Given two strings s1 and s2, write a function to return true if s2 contains the permutation of s1.
In other words, one of the first string's permutations is the substring of the second string.
Example 1:
Input:s1 = "ab" s2 = "eidbaooo"
Output:True
Explanation: s2 contains one permutation of s1 ("ba").
Example 2:
Input:s1= "ab" s2 = "eidboaoo"
Output: False
Note:
The input strings only contain lower case letters.
The length of both given strings is in range [1, 10,000].
思路1:
首先s1全排列,每一个全排列 查看是否是s2的子串。果然...超时,复杂度太高。
bool checkInclusion(string s1, string s2) { if(s1.size()>s2.size())return false; char* s1char = new char(s1.size()+1); s1.copy(s1char,s1.size(),0); char* s1char2= new char(s1.size()+1); s1.copy(s1char2,s1.size(),0); do { if(s2.find(s1char) != string::npos) return true; }while(next_permutation(s1char,s1char+strlen(s1char))); do { if(s2.find(s1char2) != string::npos) return true; }while(prev_permutation(s1char2,s1char2+strlen(s1char2))); return false; }
思路2:
学习了已经AC的大神的代码,发现他们无一例外都是用hash表格来做的。
思路就是:观察字符串s1和s2,如果s1的全排列是s2的子串,则s1的所有字符均出现在s2中,而且这些字符连续。

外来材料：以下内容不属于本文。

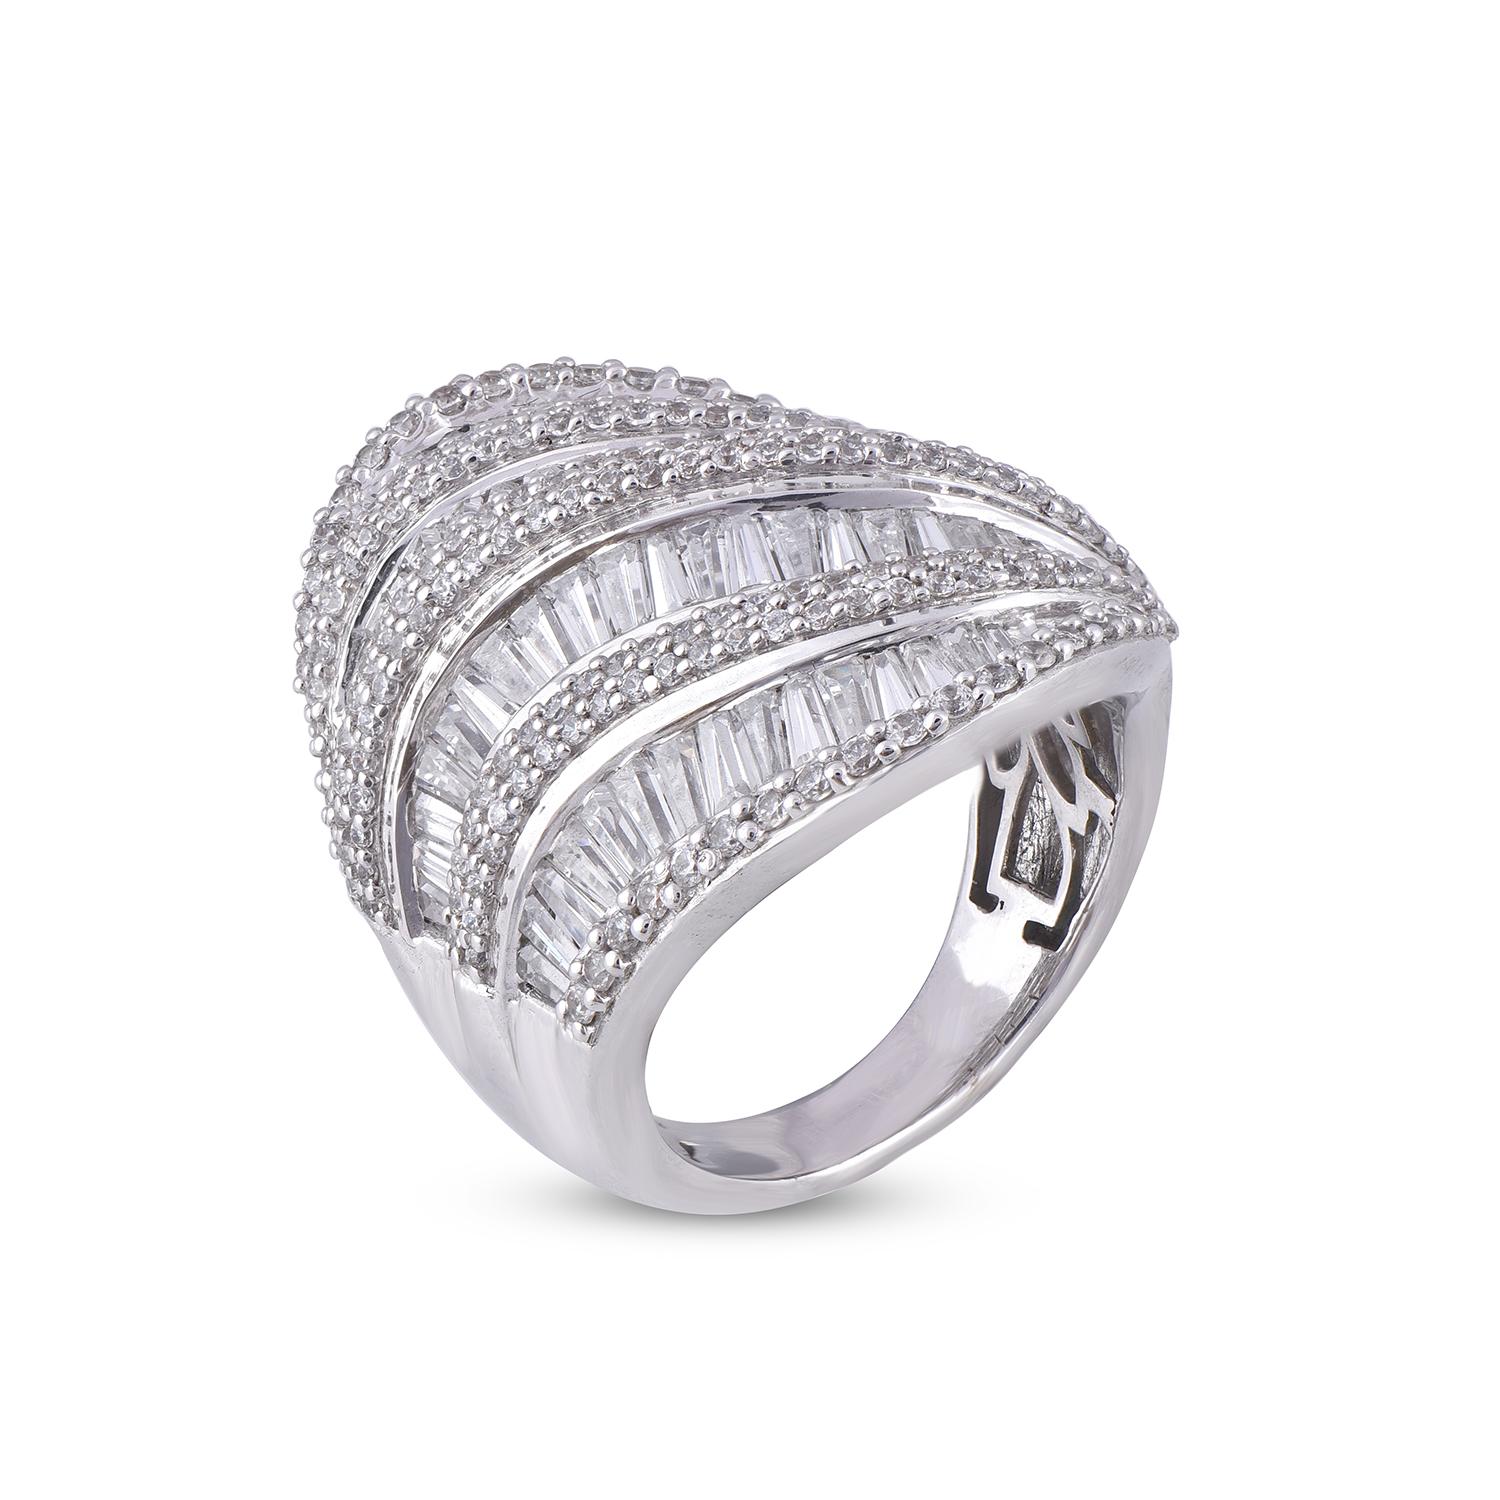 This wave engagement Ring is expertly crafted in 14 Karat white gold and features 3.00 ct of 202 round and 82 baguette cut diamond set in pave, prong & channel settings. The diamonds are natural, not-treated and conflict-free with H-I color and I2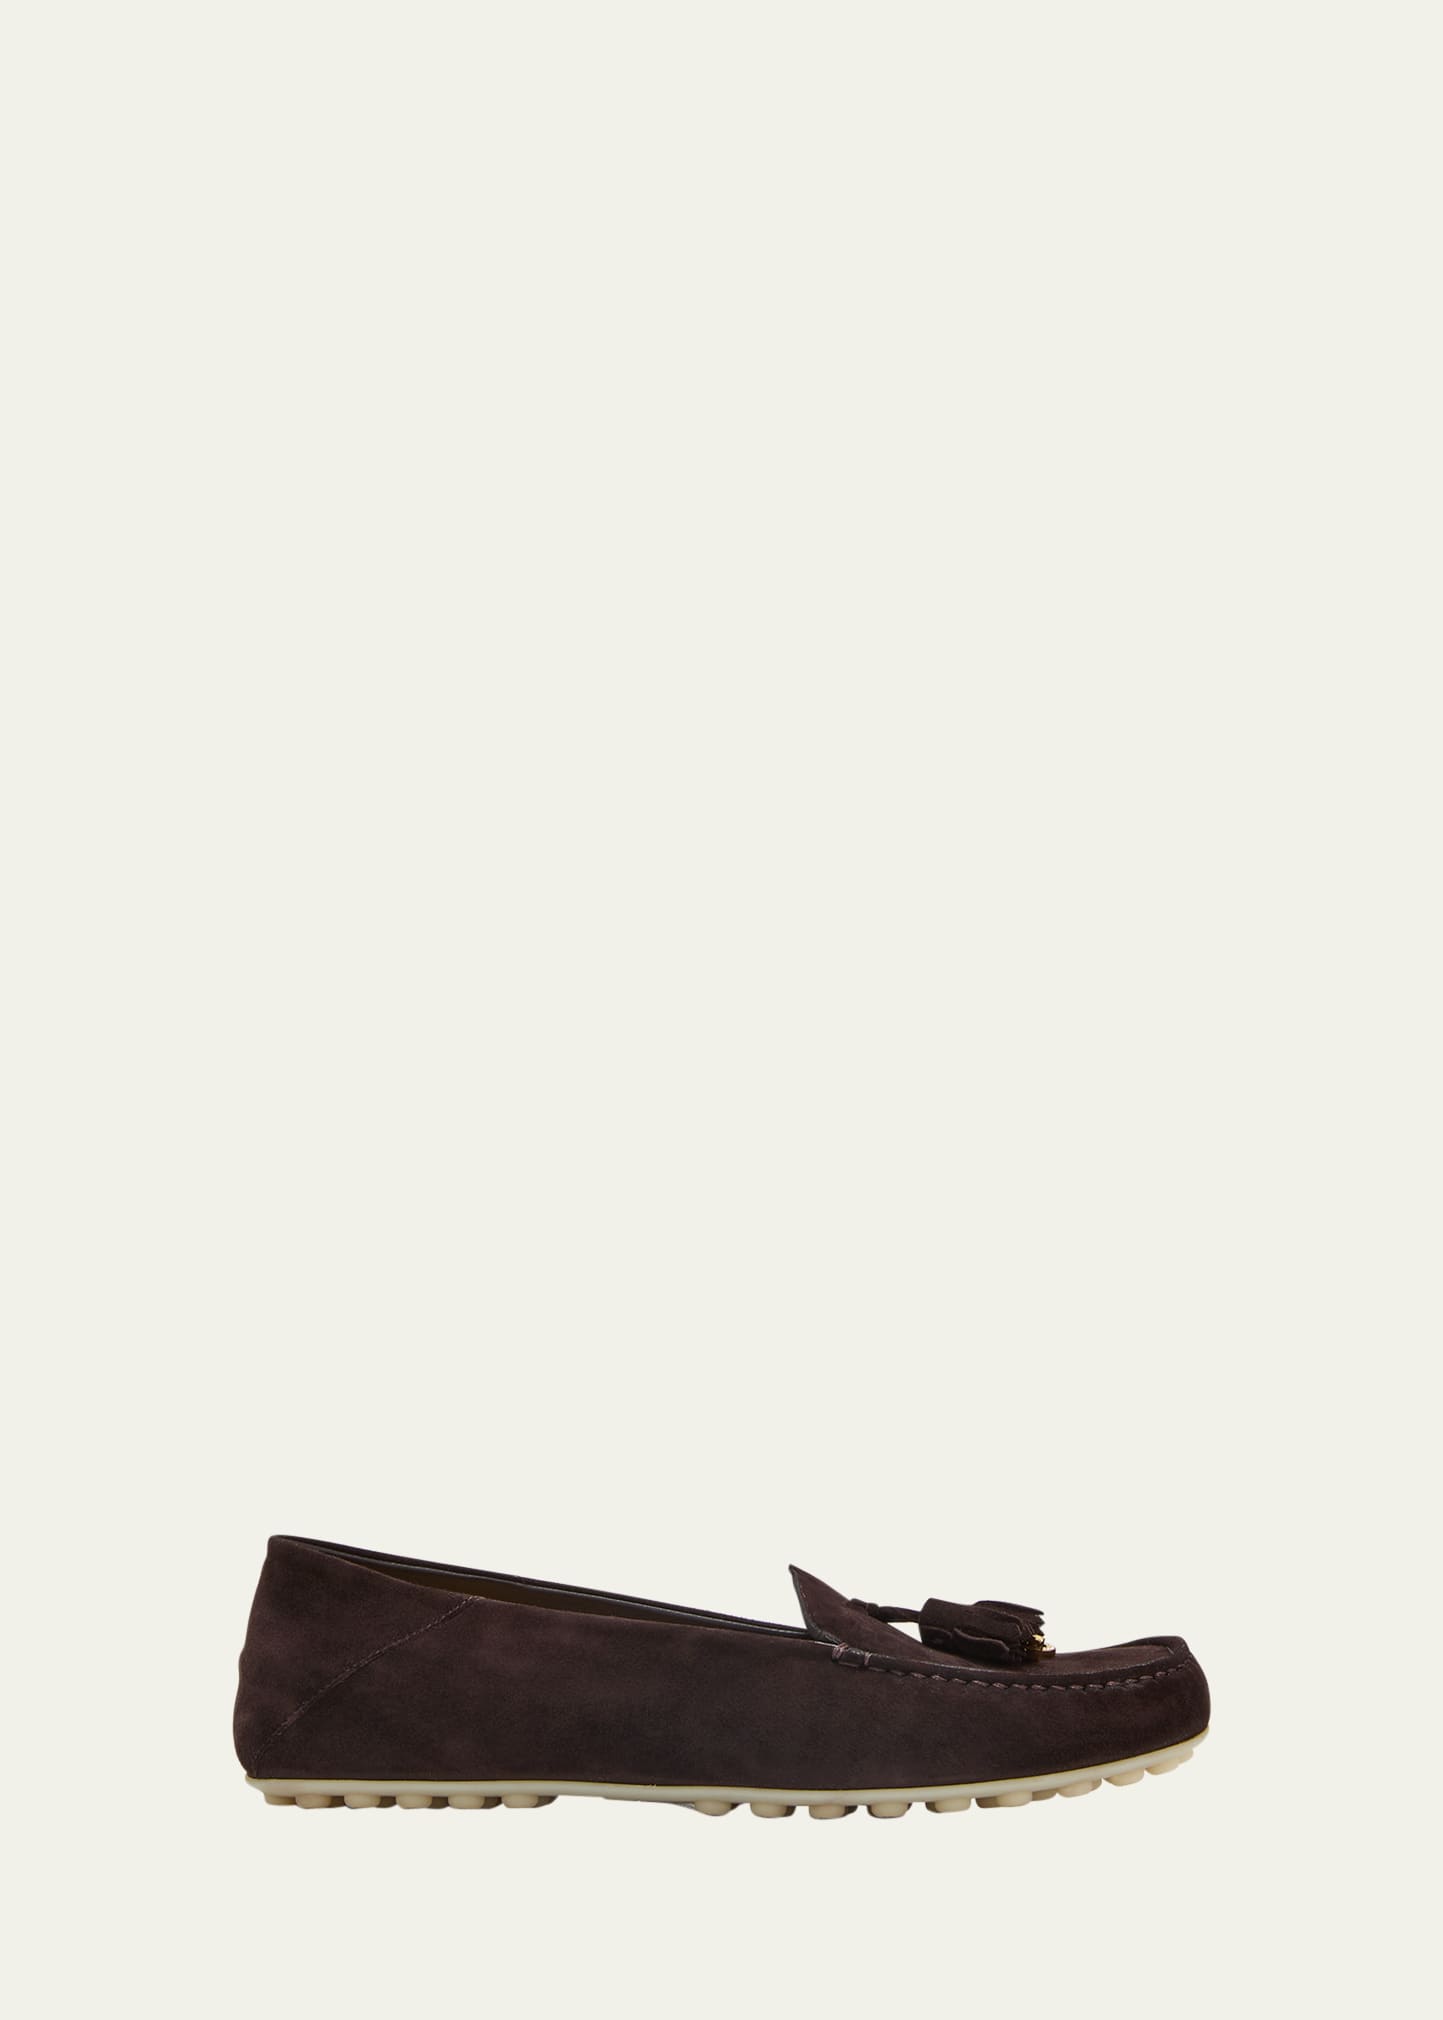 Loro Piana Suede Tassel Moccasin Loafers In H026 Chocolate

于是用一个类似于滑动窗口的区间去统计此区间内的字符,区间的长度取为s1的长度。
如果在s2中存在一个区间,里面的字符与s1的字符全部都一样,则说明s1通过全排列后一定能够得到s2中的子串。也即满足题意。
bool checkInclusion2(string s1, string s2) { int m = s1.length(),n = s2.length(); if(m>n)return false; vector<int>maps1(26),maps2(26); for(int i=0;i<m;i++) { maps1[s1[i] - 'a'] ++; maps2[s2[i] - 'a'] ++; } if(maps1 == maps2) return true; //统计前m个字符是否符合条件 for(int i = 0;i+m<n;i++) { maps2[s2[i] - 'a'] --; maps2[s2[i+m] - 'a'] ++; if(maps1 == maps2) return true; } return false; }